Short news items with a Post-Polio element gleaned
from 'here, there and everywhere'. Contributions welcomed. Email linpolioweb@loncps.demon.co.uk.
Please make it clear that your news item is for inclusion in NewsBites
and include any source references.
Arthur C. Clarke made Honorary Knight
Dr Arthur Charles Clarke, CBE, has been made a Knights Bachelor in the
Diplomatic & Overseas New Years Honours List for services to literature.
From UK ITN News:
Visionary science fiction writer Arthur C Clarke has been made an honorary
knight. Most widely known for 2001: A Space Odyssey, Mr Clarke has been
a prolific and best-selling author for four decades with an uncanny
ability to predict the impact of technology.

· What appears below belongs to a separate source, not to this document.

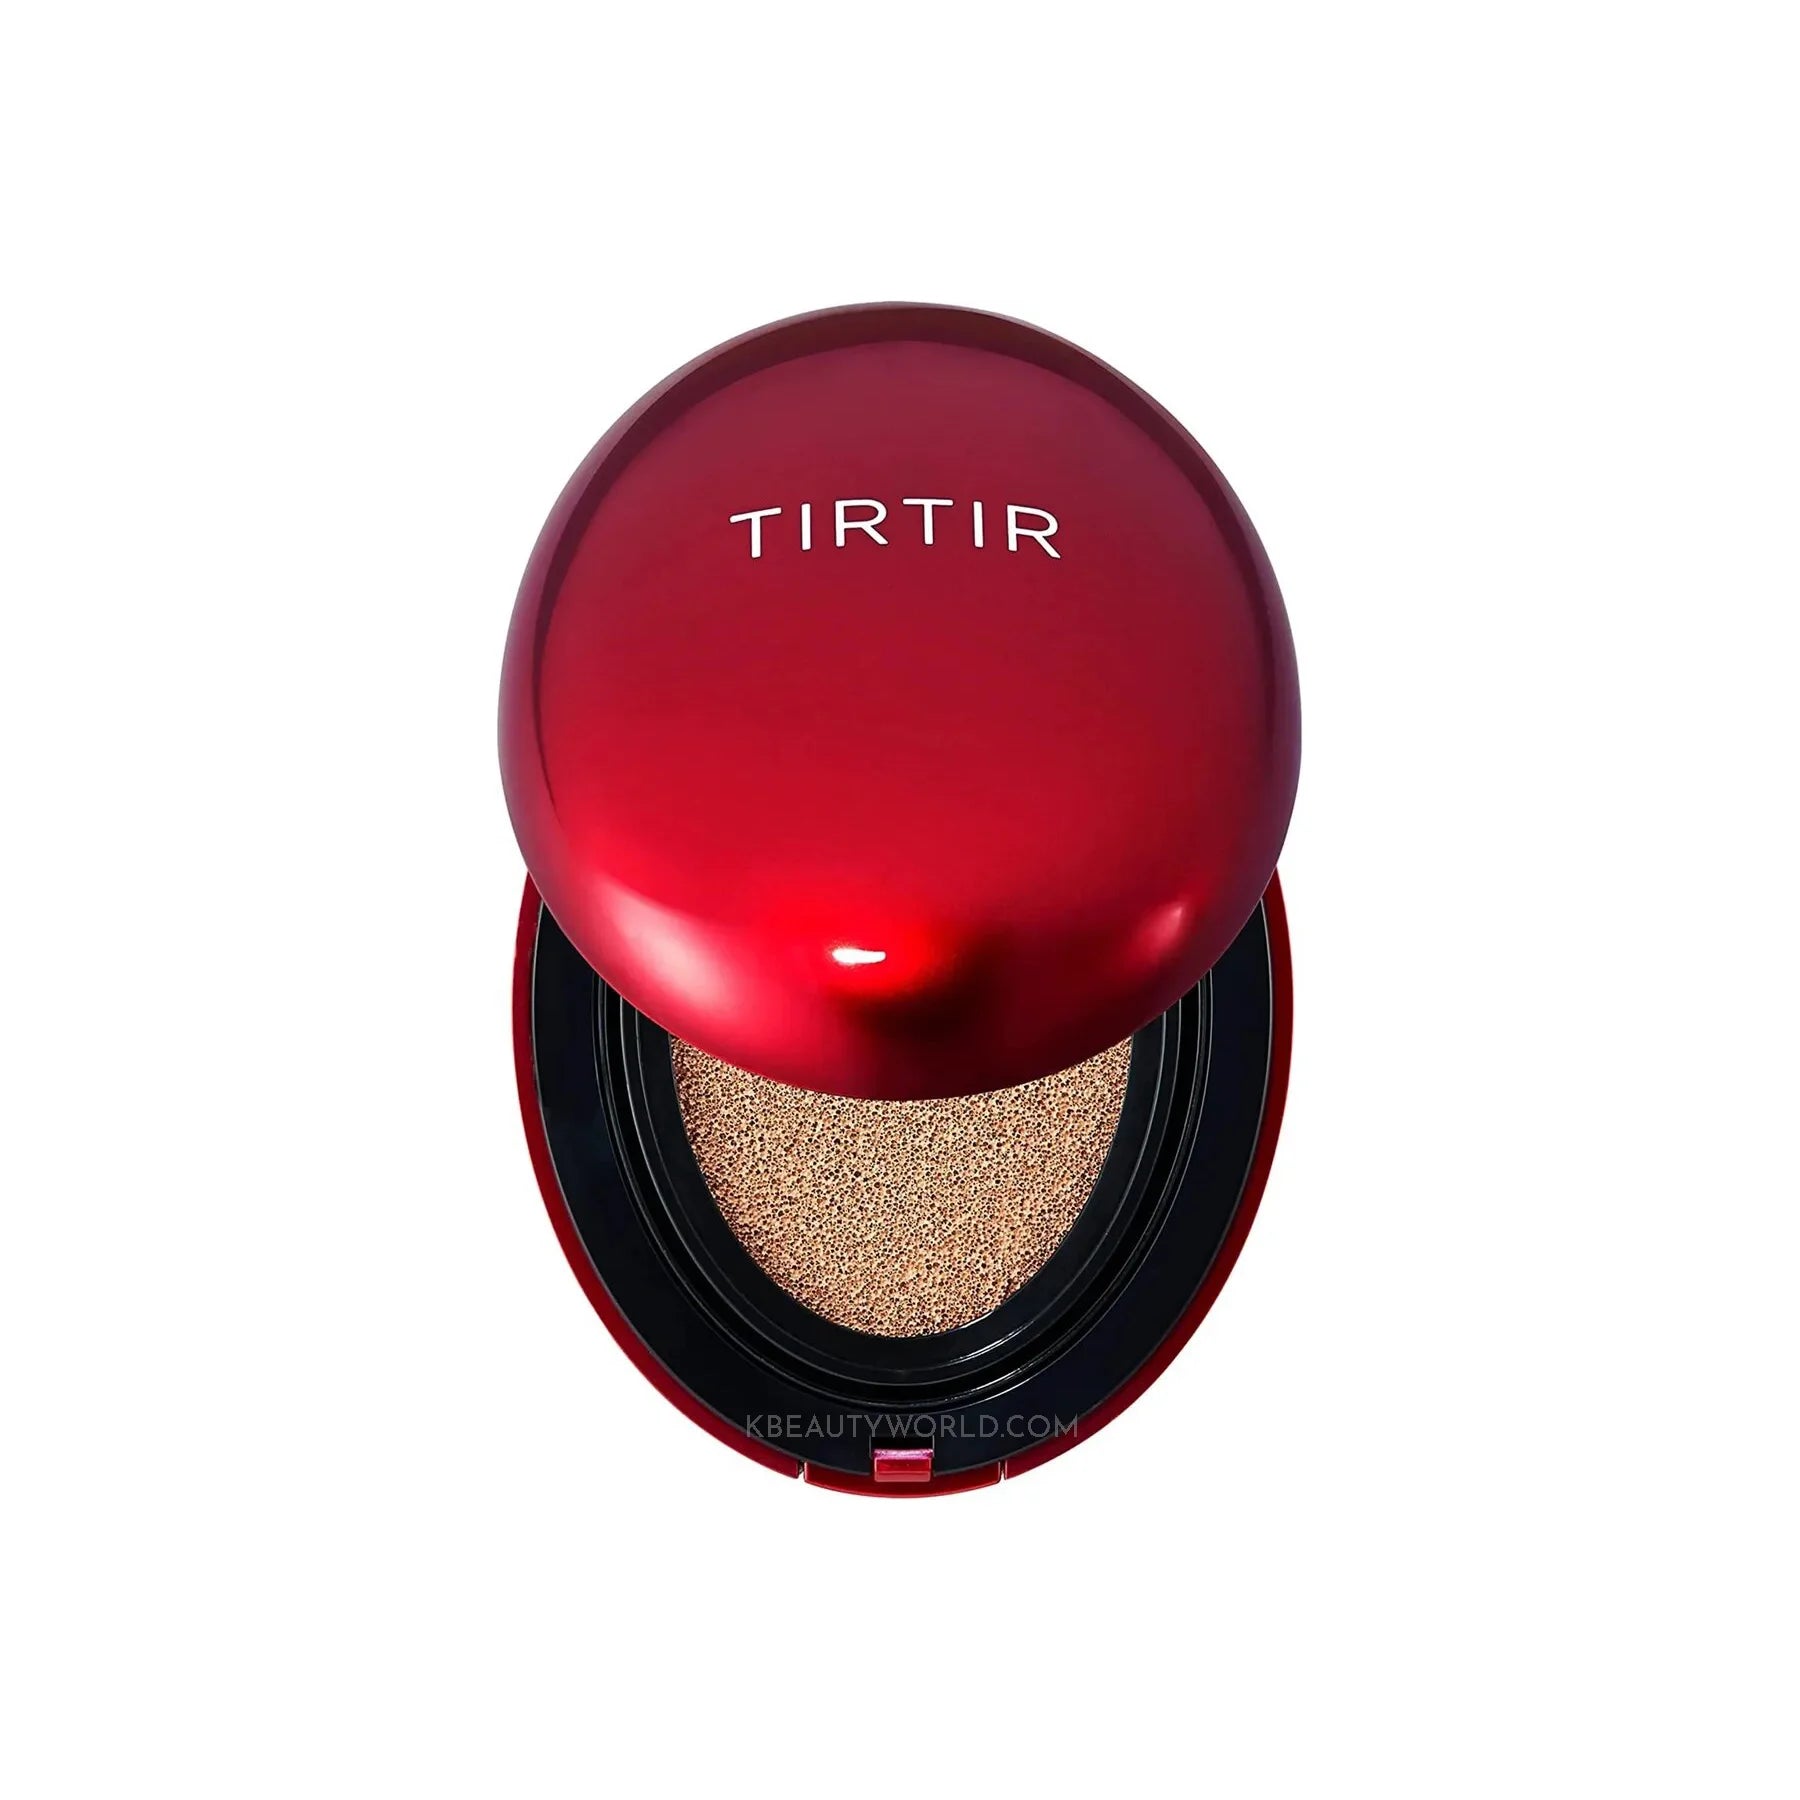 TIRTIR Mask Fit Red Cushion 17C Porcelain 21N Ivory  Sand Korean foundation popular in Japan Asian makeup K Beauty World

He foresaw satellite communications
in 1945 and predicted the first Moon walk - which happened in 1969 -
a few years later. He wrote both the novel 2001 and the screenplay of
Stanley Kubrick's celebrated film. The Somerset-born author has lived
in Sri Lanka for 40 years, drawn by the friendly people and excellent
scuba diving, his former passion. He keeps in touch with his many fans
and prolific correspondence via E-mail. Director Stephen Spielberg and
scientist Carl Sagan were both admirers, and he has lectured all over
the world. Now confined to a wheelchair by the effects of polio, he
celebrated his 80th birthday on December 16 and published his latest
book 3001: The Final Odyssey, last spring. He was made a CBE in 1989.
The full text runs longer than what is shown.